Protein fractions were subjected to SDS-13.5% PAGE followed by Western blot analysis with a monoclonal anti-green fluorescent protein (GFP) antibody for GFP detection or polyclonal anti-hemagglutinin (HA) antibody for HA detection. The enhanced chemiluminescence-conjugated secondary antibodies were goat anti-mouse immunoglobulin G to detect anti-GFP antibody and rabbit anti-mouse immunoglobulin G to detect anti-HA antibody. Secondary antibodies were detected by using ECL Super Signal (Pierce Biochemicals). Densitometry was performed on an alpha photo imager. The concentration of GFP-Rho GTPase in lysates was determined by coanalysis with authentic GFP (BAbCO). The total GFP-Rho GTPase in a cell lysate was calculated, divided by the number of transfected cells, and expressed in nanograms of Rho GTPase/106 CHO cells.
RESULTS
Expression of the Rho GAP domain of ExoS in CHO cells.

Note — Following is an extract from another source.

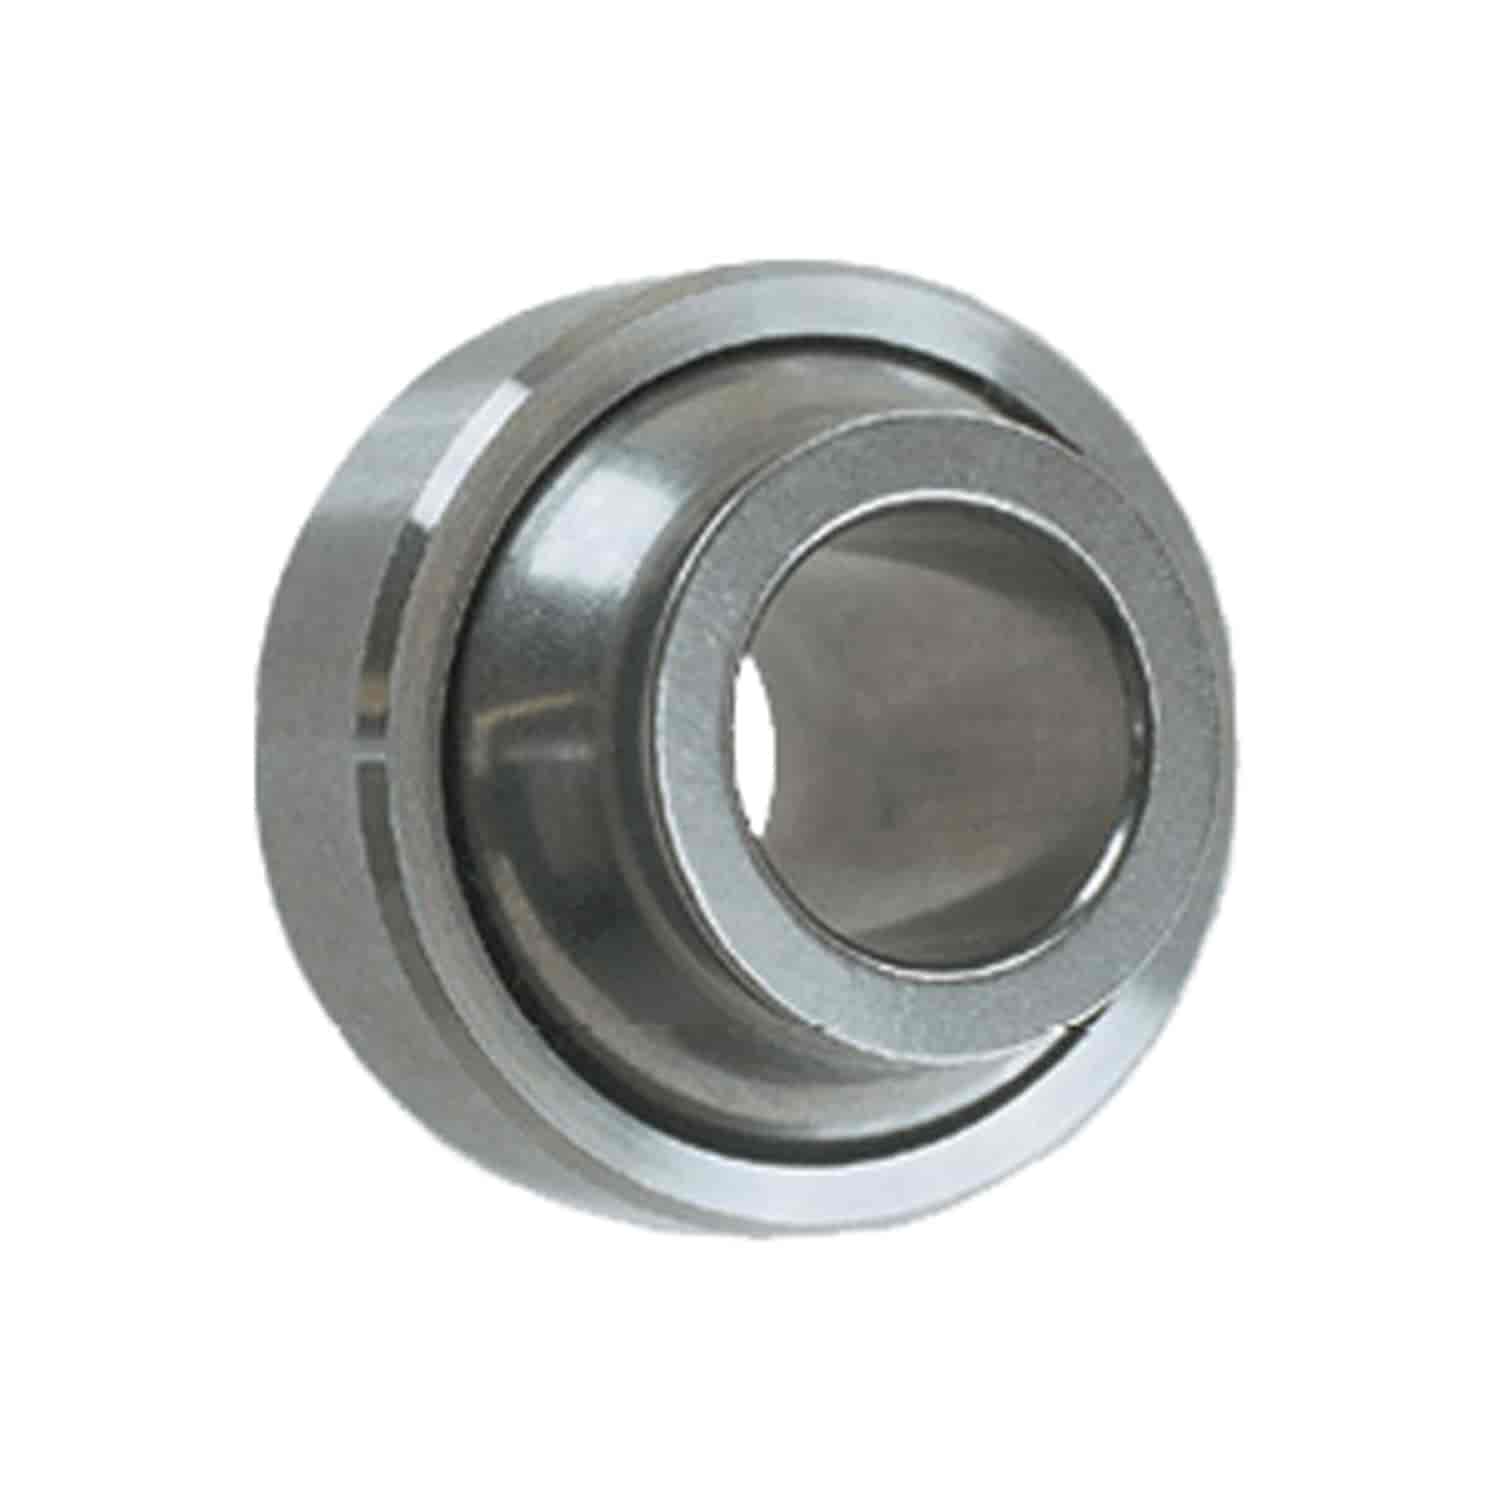 High Misalignment 440C SS Shperical Bearing Hole Size:
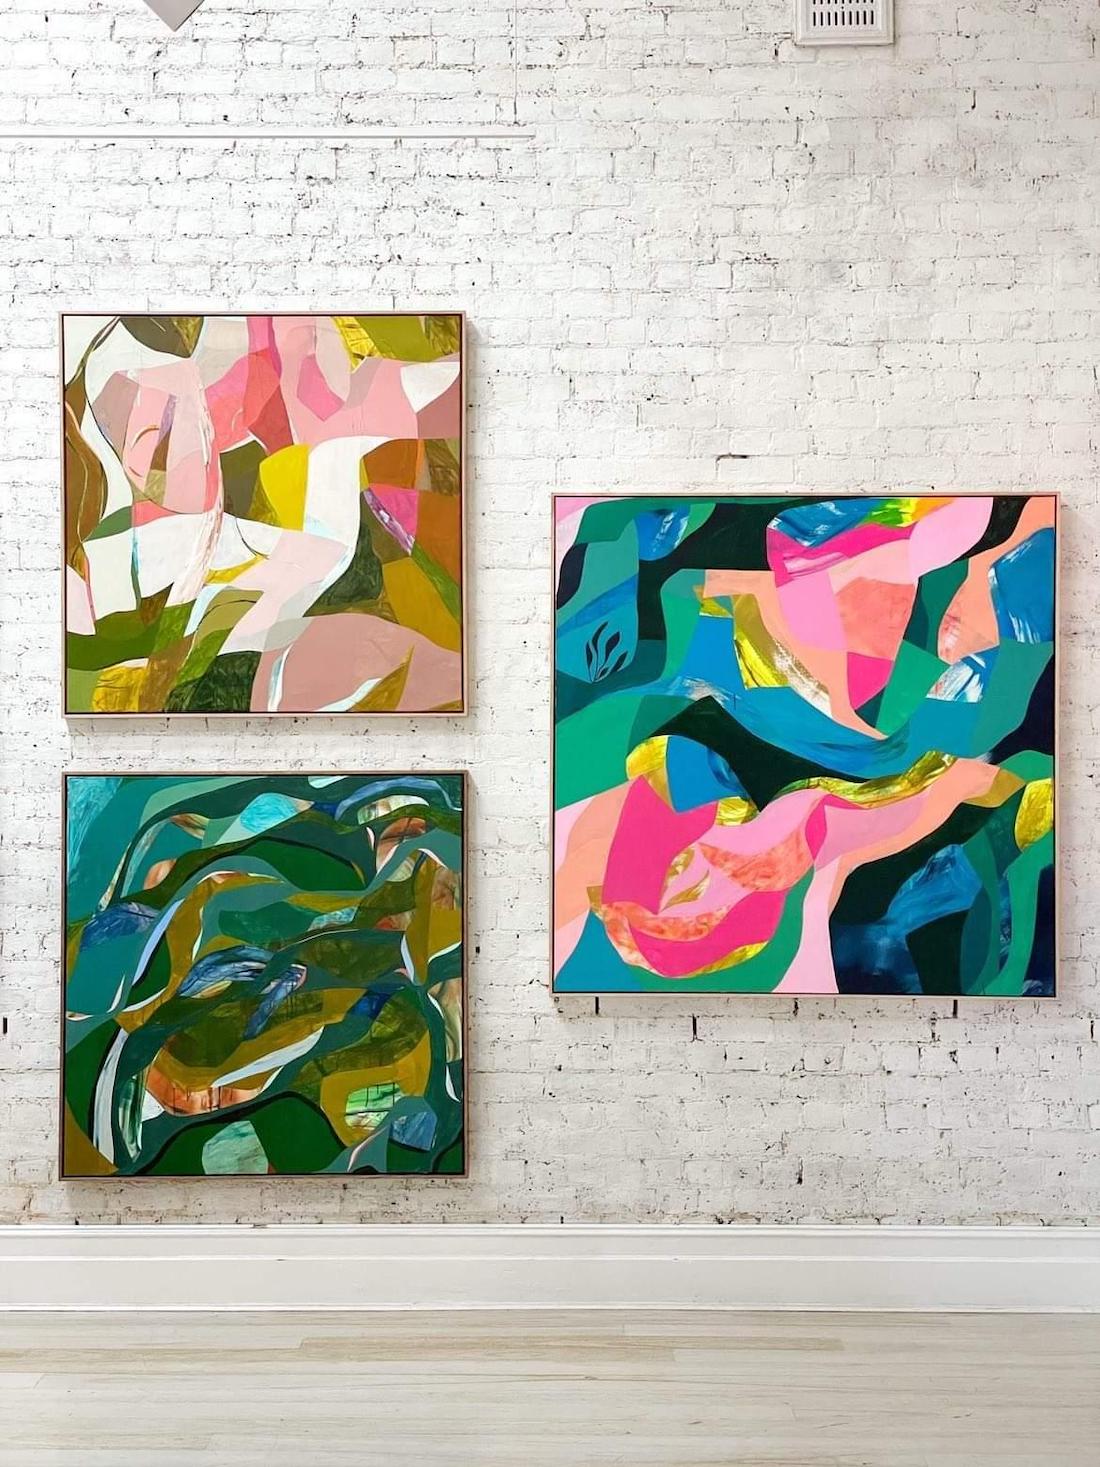 Coloured abstract paintings from Superabundance exhibition via Jumbled by Chris de Hoog

While the N terminus of ExoS (residues 1 to 234) is a Rho GAP for Rho, Rac, and Cdc42 in vitro, the in vivo targets of this Rho GAP have not been determined. The in vivo modulations of Rho GTPases were analyzed following transient transfection of CHO cells with pExoS(1-234). This system was chosen to eliminate the complication of interpreting the effect of Rho GAP activity during a bacterial infection. Since ExoS is cytotoxic to cultured cells, the GAP domain was analyzed in these studies. Transfection of the GAP domain elicits a similar reorganization of the actin cytoskeleton as observed upon delivery of the GAP domain during an infection by P. aeruginosa (26), which supported the use of this delivery system. Transfection conditions were established to express the Rho GAP domain of ExoS [pExoS(1-234)] at levels comparable to expression during a bacterial infection (25). The modulations of Rho GTPases by ExoS delivered by P. aeruginosa were also examined to address issues pertaining to the physiological delivery of the toxin.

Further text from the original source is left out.